In order to succeed in business, you must have an optimistic attitude about your business—regardless of economic conditions and the attitudes of those around you.
Some days it may be hard to get out of bed, but let your optimism kick in and you can make things happen that will be good for you and good for your business.
Optimism by itself cannot guarantee success, but it sure helps. In fact, economists and corporate entities actually track small business optimism to learn the direction of small business optimism and determine the strength or weakness of the business climate at any given time.
Just last month, two major organizations found their data at odds. The National Federation of Independent Business (NFIB) found that their Small Business Optimism Index was falling. At the same time, the American Express OPEN Small Business Monitor (AMEX) findings indicated an increase in optimism among small business owners.
NFIB’s news release stated “For the third consecutive month, NFIB’s Small Business Optimism Index fell. While the drop was slight…-.3 points, with the index settling at 90.9 in May—the index makes clear that optimism is moving in the wrong direction; a recession-level reading for an economy fighting its way through a recovery. A leading cause of the low reading is the stubborn problem of weak consumer spending, which is especially problematic for services, a sector dominated by small businesses.”
The American Express Monitor reports that “small business owners are shifting their focus from surviving to capitalizing on growth opportunities and they’re expecting to hire and make necessary capital investments in their firms, signaling to signs of an economic recovery.”
They go on to show that more than one-third of small business owners have plans to hire, up nine percentage points from last fall and the highest level since the fall 2008 survey. Also, they indicate that four-in-ten plan to make capital investments, 44 percent up from 38 percent last fall, and that many expect to grow (37 percent) and are willing to take a financial risk to do so (56 percent).
This is simple proof that numbers are interpreted through the eyes of those reading them. Economists differ. At the same time, those same mixed signals are similar to the reaction of business owners I have encountered lately around the Charlotte region. Some businesses are up; some are down; many are holding near the same.
An abundance of optimism from many business owners creates a rising tide of business activity that lifts all our boats. More than likely, individual business owners need to be taking actions to diversify, add new products or services, seek new lines of revenue and find ways to grow.
Nearly everyone has cut expenses as much as they can and they are less likely to spend until their confidence grows and they can be confident they will see a return on their investments. They have de-leveraged substantially.

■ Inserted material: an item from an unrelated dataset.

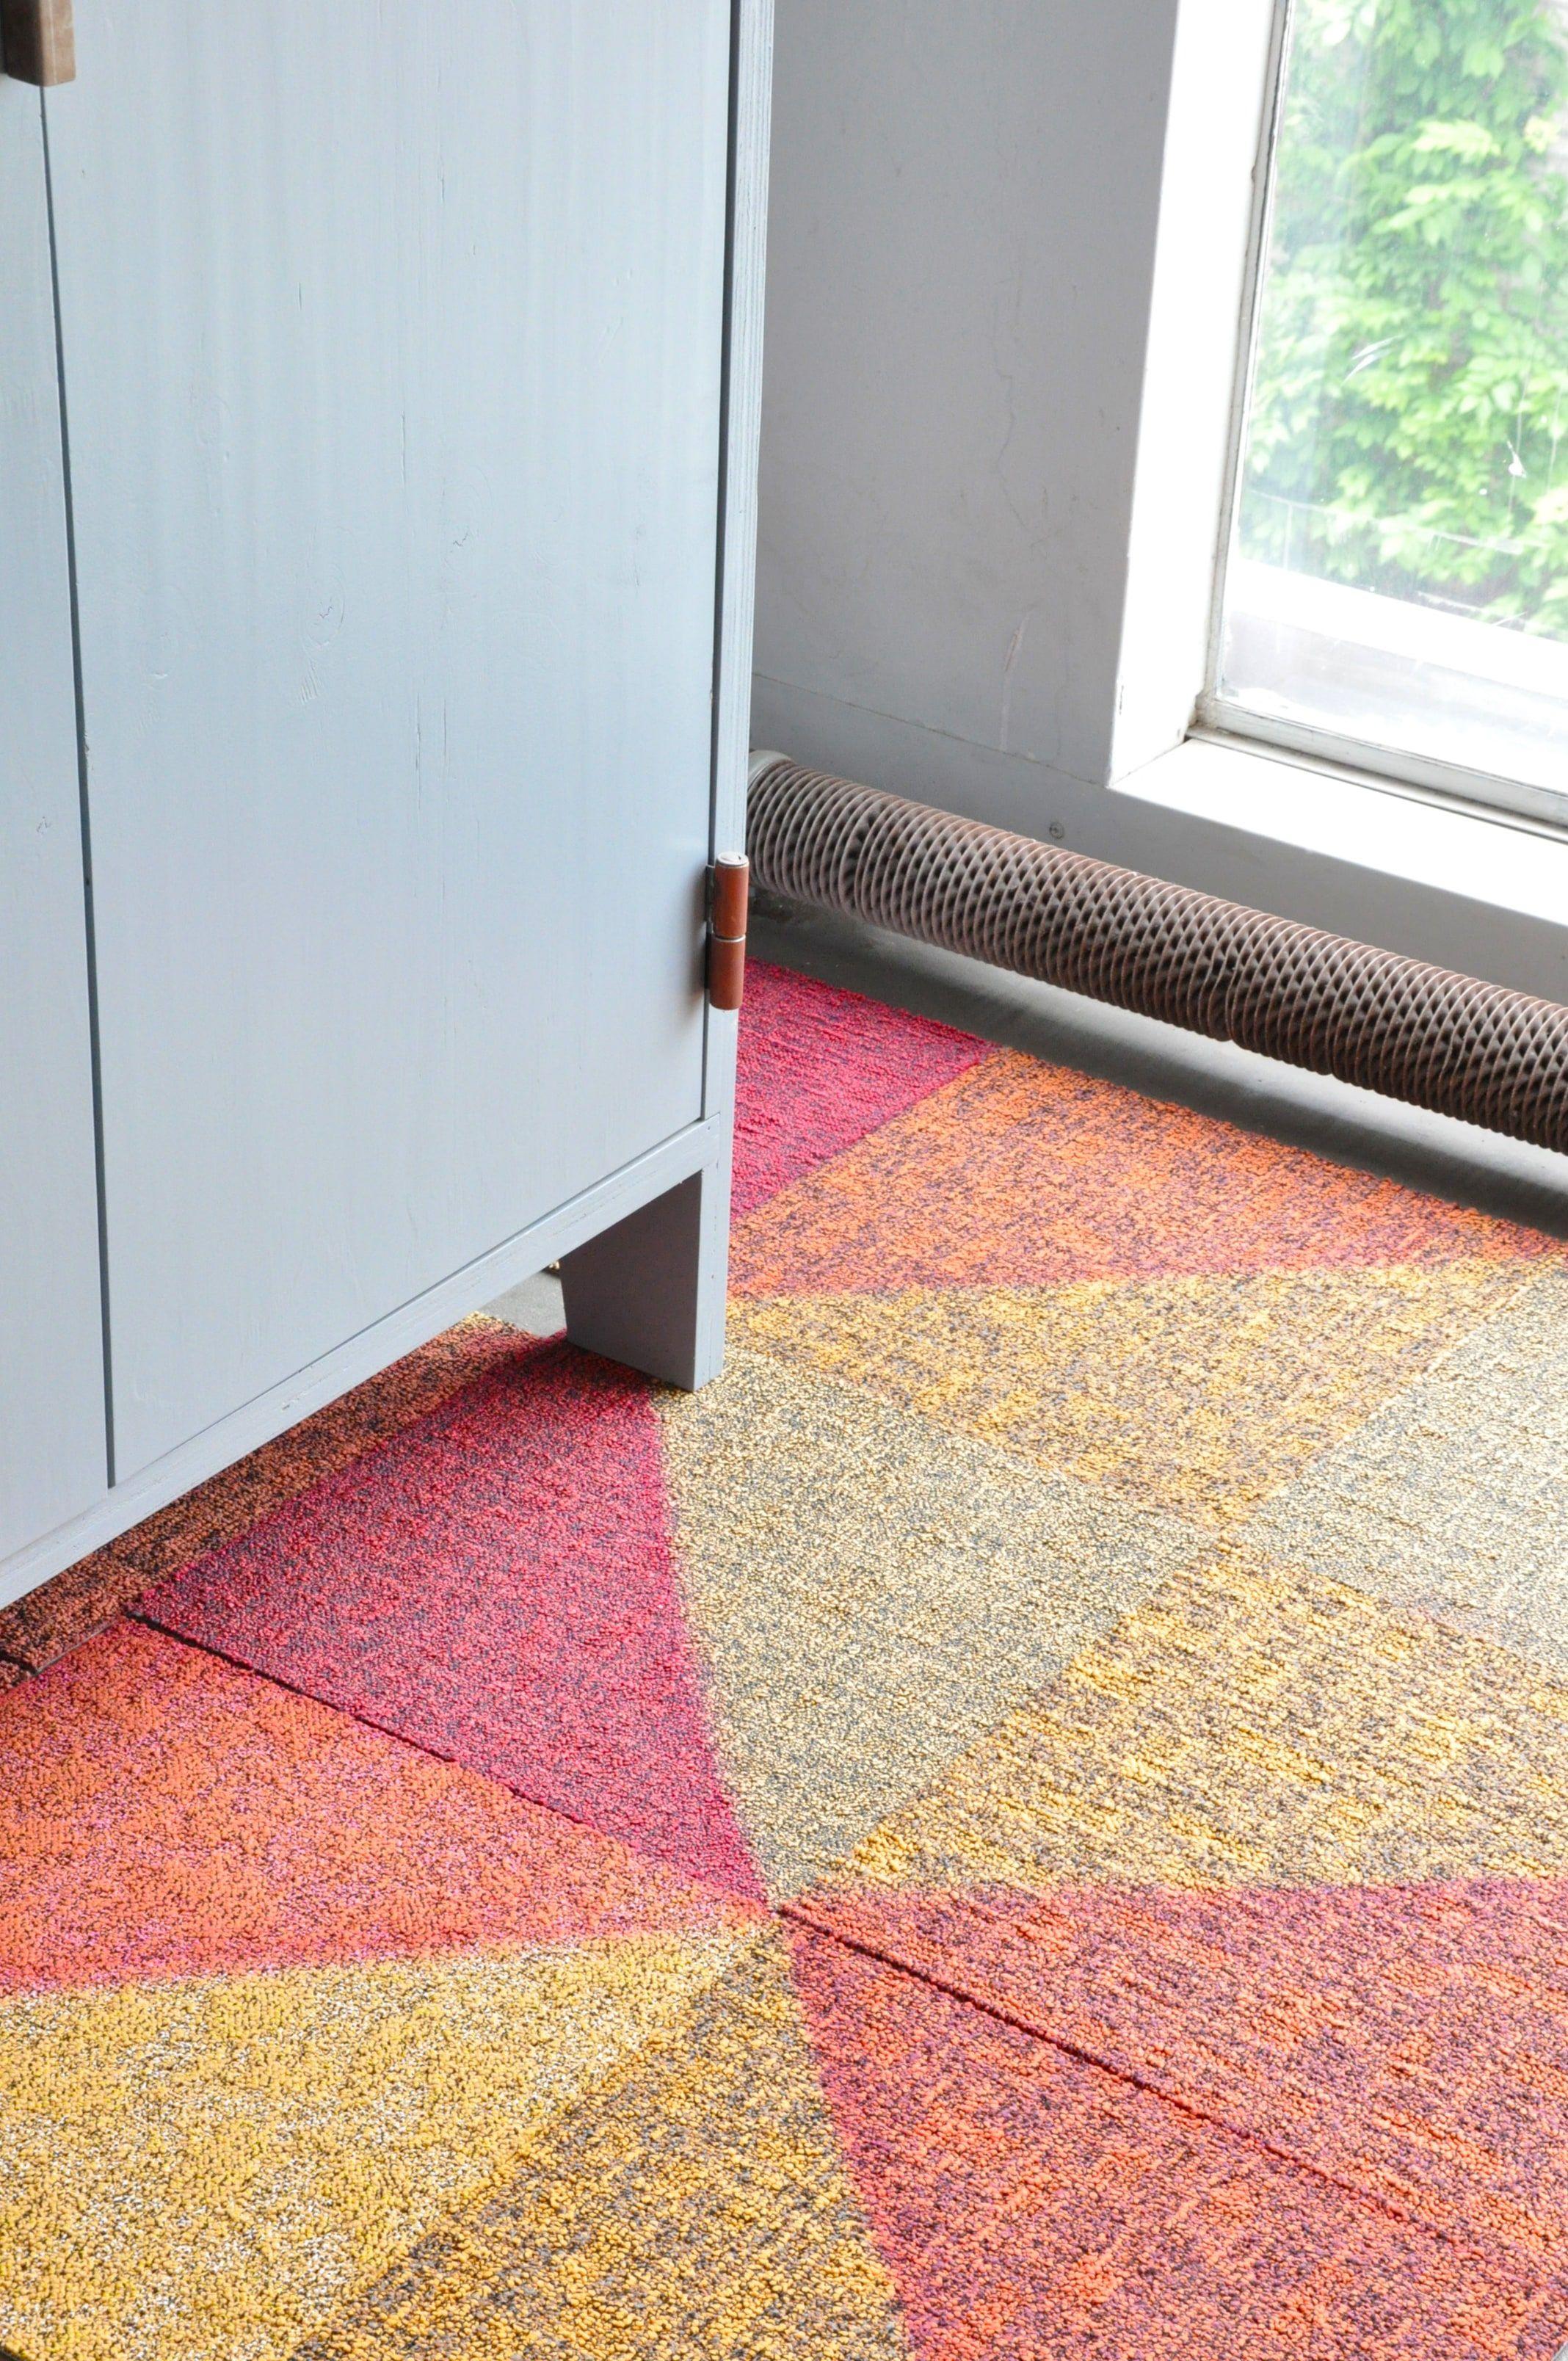 Carpet Over Tile Transition
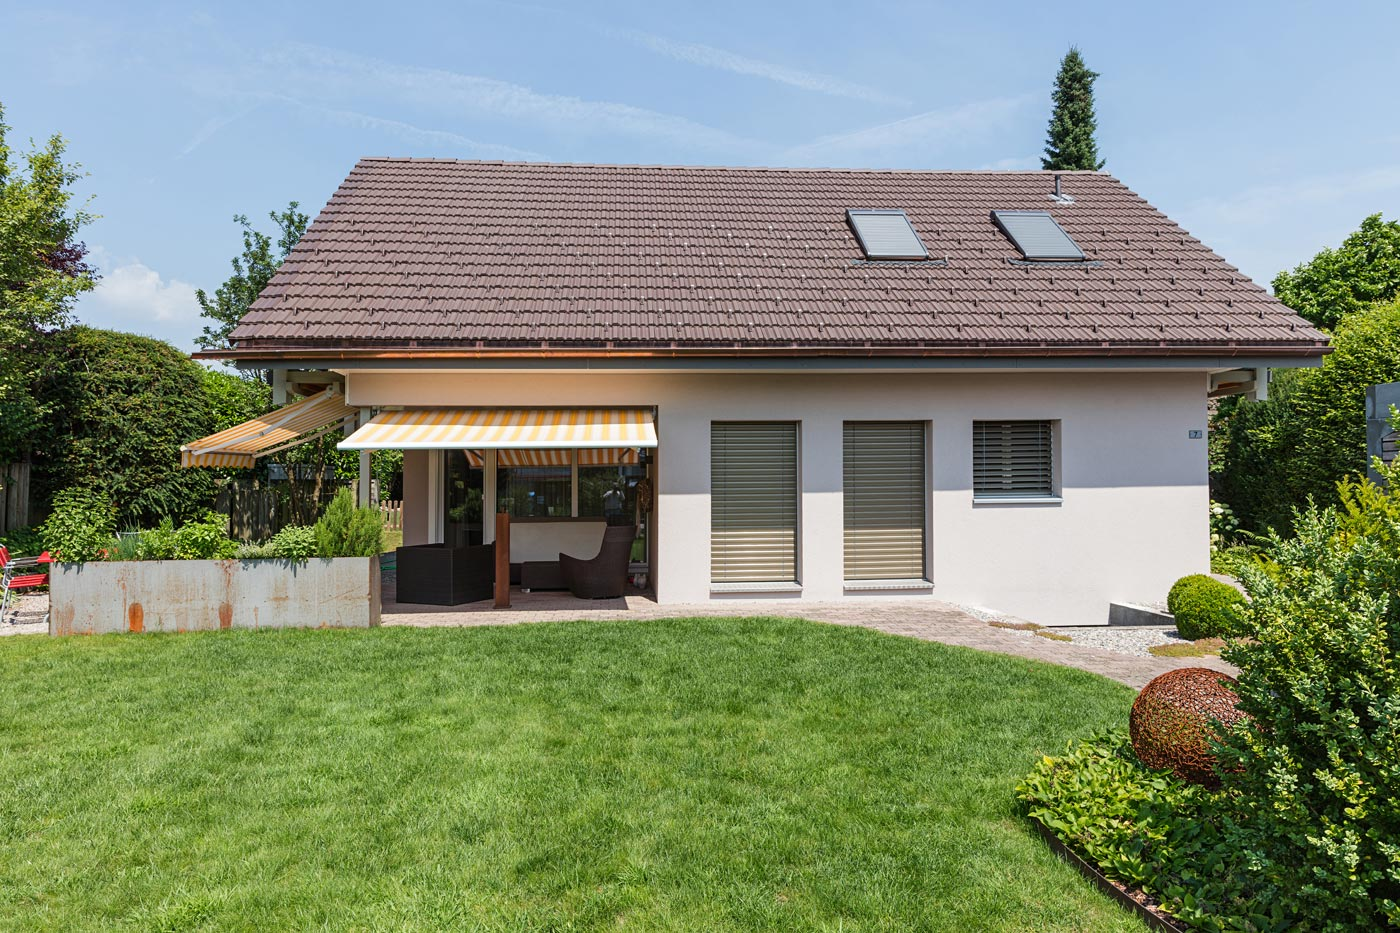 dachsanierung, steildach, ziegeldach, dachfenster

Pessimism is the other side of the spectrum. Some say pessimism is simply being realistic and if your reality includes slow collections, slow sales, customer bankruptcies, rising prices, and many other obstacles, then you have reasons to be pessimistic.
I had to laugh recently when someone described the difference between business people who are optimistic as entrepreneurs and those who are pessimistic as “manure-preneurs”! Which description applies to you? Our recovery does not work unless or until momentum builds from all the entrepreneurs who find ways to grow, build wealth and create jobs.
So, the optimism index is important to our economic future. It is an indicator of our collective economic direction. The good news is that the indices are mixed. They are not collectively falling. At the same time, they are not collectively rising. Nearly everyone predicted a long, slow recovery. It has been exactly that. It is a slog…a slow and long recovery.
Keep your personal optimism index high so that you can be even more successful, and, in turn, we will all be more successful.